As best I understand it, before ISIS launched its Summer 2014 attack into western Iraq, it engaged in a long campaign of bombings in the heartland of Iraq. These spread terror and distrust of the government. As best I understand it, the defeat of Boko Haram on the battlefield led to a campaign of bombings in Nigeria and Cameroon. These spurred mass flight and a economic paralysis. So, bombings can be harbingers of victory or of defeat. It’s too bad that they aren’t more clear in their meanings. Still, I thought that I would watch this “variable”—as social scientist call it. See if anything becomes clear to me.
Hilla, Iraq is about 60 miles south of Baghdad on the Tigris River. It’s near the site of ancient Babylon, a vital center of Mesopotamian civilization that is unfamiliar to generations of American college students. From about 1000 AD on it was a sleepy farm town and administrative center. In the early 20th Century, an interesting episode in environmental history led to the construction of a dam to insure the proper irrigation of local farmlands.[1]
Saddam Hussein was hard on both the ancient and modern faces of Hilla. He had workmen knock down a bunch of the Babylonian ruins in order to build one of his palaces. After the war in Kuwait in 1991, a rebellion broke out around Hilla. Government troops killed several thousand people and buried them in a mass grave.
On 1 April 2003, there was a good-sized fight at Hilla between American armored forces and an infantry battalion of the Republican Guard. Then the insurgency began. One feature of that insurgency appeared in the efforts by Abu Musab al-Zarqawi to foment a Sunni-Shi’ite civil war. Hilla is a predominantly Shi’ite city, so it came in for its share of trouble. In February 2005, a suicide bombing killed 125 people waiting for treatment outside a medical clinic; in May 2005, two suicide bombers killed 31 and wounded 108 Shia police; in September 2005, a car bomb killed 10 and wounded 30; in January 2007, suicide bombers killed 73 and wounded 160; in February 2007, a pair of suicide bombers killed 45 and wounded 150; in March 2007, two car bombs killed 114 and wounded 147; in May 2010, a multiple car bomb attacks killed 45 and wounded 145. Then things calmed down as the “Sunni Awakening” and the “Surge:” took hold.

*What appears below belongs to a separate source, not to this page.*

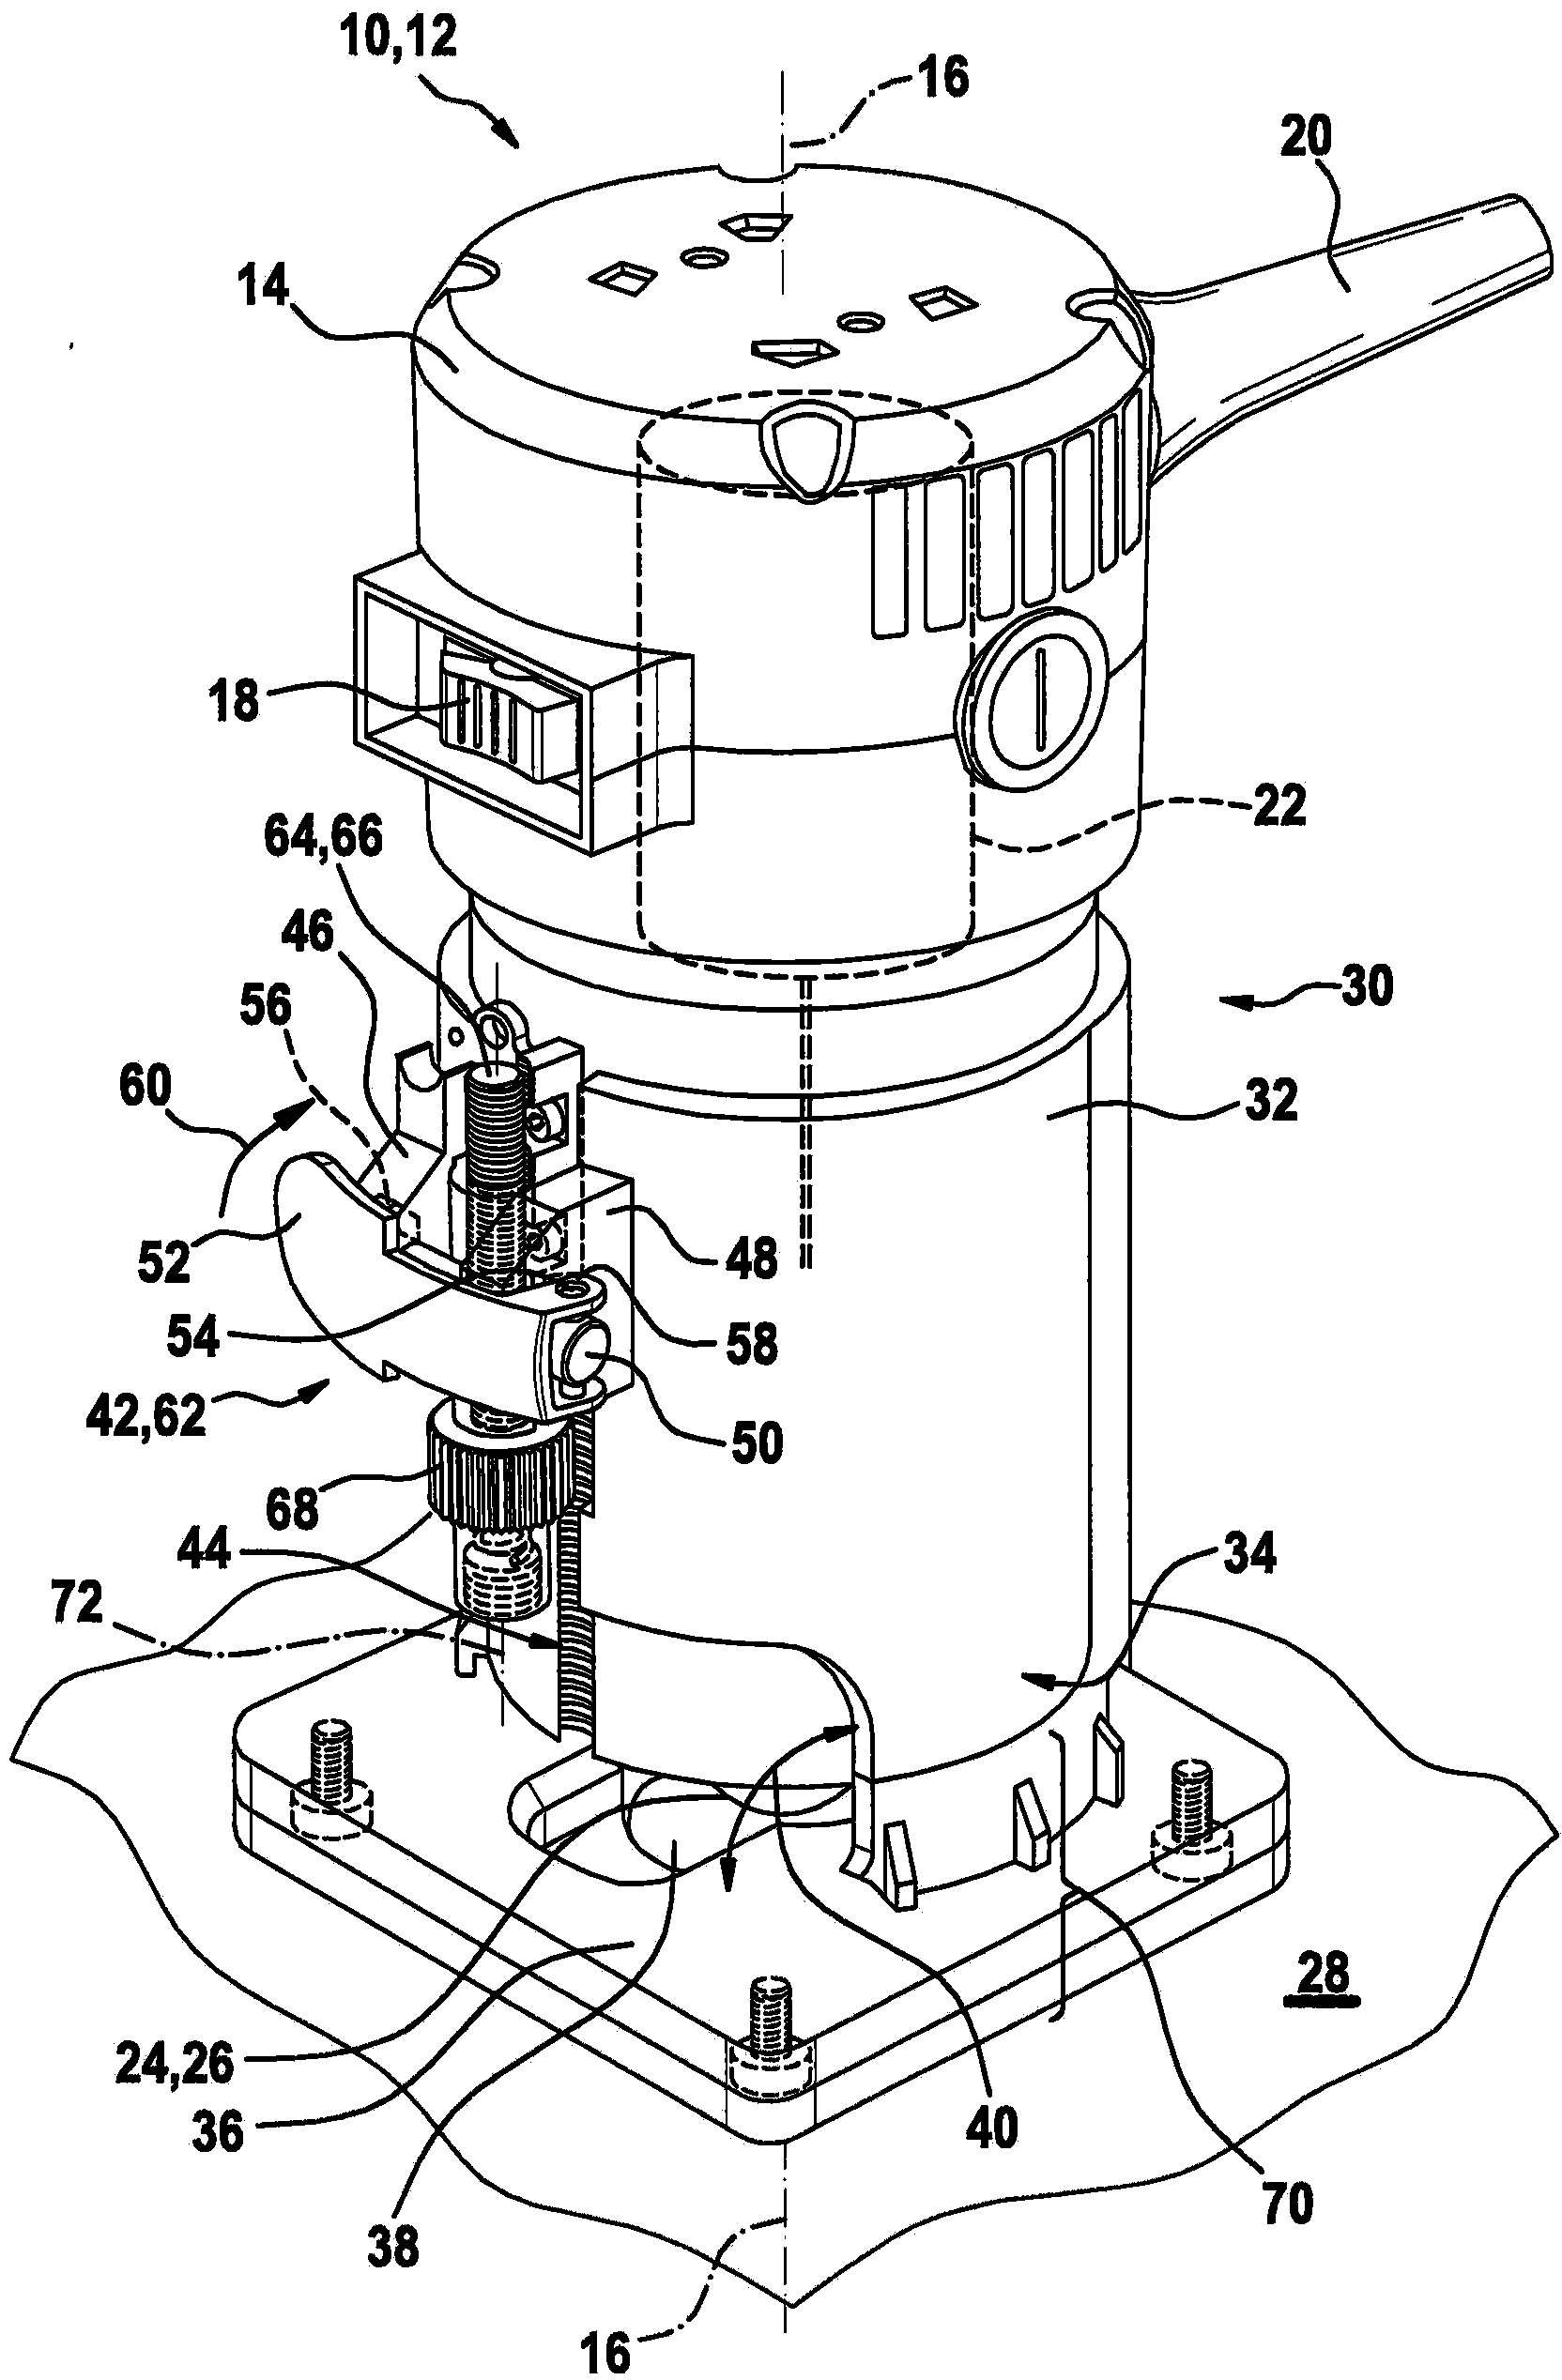 Hand-held power tool with height adjustment device

At a security check-point near Hilla, on 6 March 2016, a gasoline tanker waited for approval to move ahead in the middle of a crowd of vehicles and pedestrians.[2] When guards waved at the driver to halt, the truck lurched ahead and then exploded. At least 33 people were killed outright and 115 were wounded. (Almost 30 of the wounded subsequently died.) A witness said that the explosion 350 feet away from the blast felt like “an earthquake.” The witness is 54 years old. That means that he was born in 1962. He has lived through the Iran-Iraq War (1980-1988); the American air campaign associated with the 1991 war over Kuwait; the American invasion (2003) and all that followed from it (2003-2007).
The key point here is that there are a lot of people outside “the West” who have heard explosions before and know what to do. “I immediately lay on the ground and saw flames all over the checkpoint.” After a while he got up to go check on friends in shops closer to the check-point. “One of them was beheaded and others were killed.” A 32 year-old school teacher who had been waiting to pass the checkpoint to get to work described it as “a very hard scene.”
What is it like to know what a suicide bombing sounds like? What about knowing that the bombings come in pairs, usually the second happening after people rush from cover to help the victims of the first bombing?
[1] See: https://en.wikipedia.org/wiki/Hindiya_Barrage
[2] Omar al-Jawoshy, “Truck Bomb Kills at Least 33 At Checkpoint in Central Iraq,” NYT, 7 March 2016.